GRANGE = parse_feature_from_string('chr3:34100000-35110000')

Define some functions for adding loops, distance dependence, and noise to a matrix.

These functions all take in the contact matrix matrix and modify it in-place, returning nothing.

First, we model distance dependence effects using a power-law relationship

$$f(d) = c \times d ^ {-\alpha}$$

where $f(d)$ represents the expected number of contacts for the interaction of points separated by $d$ bins (in other words, on the $d$th diagonal of the contact matrix), $c$ represents the contact frequency on the diagonal (since $f(0) = c$), and $\alpha$ represents the rate at which contacts become less frequent as you move away from the diagonal of the contact matrix.

This function also allows us to specify a start and end position for the distance dependence zone, which we will use to model contact domains/TADs. We will think of TADs as zones of the contact matrix that have additional distance dependence effects in addition to the global average distance dependence effect.

In [0]:

def add_dd_zone(matrix, start, end, c, alpha):
    dd = c * (np.arange(end-start) + 1) ** -alpha
    matrix[start:end, start:end] += make_expected_matrix_from_list(dd)

Next, we model loops. Loops appear in the contact matrix as punctate zones of increased contact frequency, but in practice we rarely see loops that increase the contact frequency of just one entry in the contact matrix. Instead, we model one biological loop as increasing the contact frequency of a few nearby entries of the contact matrix, with the largest increases occuring near the "epicenter" of the loop, and smaller increases surrounding it. To model this, we essentially take a two-dimensional isotropic normal distribution with covariance matrix $\Sigma = \left[ {\begin{array}{cc} 1/\tau & 0 \\ 0 & 1/\tau \\ \end{array} } \right]$ (where $\tau$ represents a precision and controlls how punctate the loop is, passed as the parameter size), compute its integral under squares of a grid (whose size is $2r+1 \times 2r+1$, as controlled by the parameter r), and normalize it so that the sum of all values in the grid equals one. We can then scale this grid by a loop strength parameter strength (which represents the total number of contacts which will be added to the contact matrix by the loop) and add it on top of a specified submatrix of the full contact matrix (centered at x, y).

In [0]:

def gkern(kernlen=21, nsig=3):
    """https://stackoverflow.com/a/29731818"""
    interval = (2*nsig+1.)/(kernlen)
    x = np.linspace(-nsig-interval/2., nsig+interval/2., kernlen+1)
    kern1d = np.diff(stats.norm.cdf(x))
    kernel_raw = np.sqrt(np.outer(kern1d, kern1d))
    kernel = kernel_raw / kernel_raw.sum()
    return kernel

In [0]:

def add_loop(matrix, x, y, r, size, strength):
    matrix[x-r:x+r+1, y-r:y+r+1] += strength * gkern(2*r+1, size)

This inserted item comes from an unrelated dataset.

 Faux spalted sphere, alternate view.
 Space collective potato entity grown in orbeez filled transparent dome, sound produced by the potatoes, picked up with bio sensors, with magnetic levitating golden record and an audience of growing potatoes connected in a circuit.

Next, we model noise. In practice, the raw data in 5C and Hi-C experiments comes from counting reads from high-throughput sequencing, so the real process respsonsible for the noise is likely to be Poisson or negative binomial. For simplicity, we choose to use a simple independently distributed normal noise term whose standard deviation is controlled by the strength parameter.

In [0]:

def add_noise(matrix, strength):
    matrix += strength * symmetrize(np.random.normal(size=matrix.shape))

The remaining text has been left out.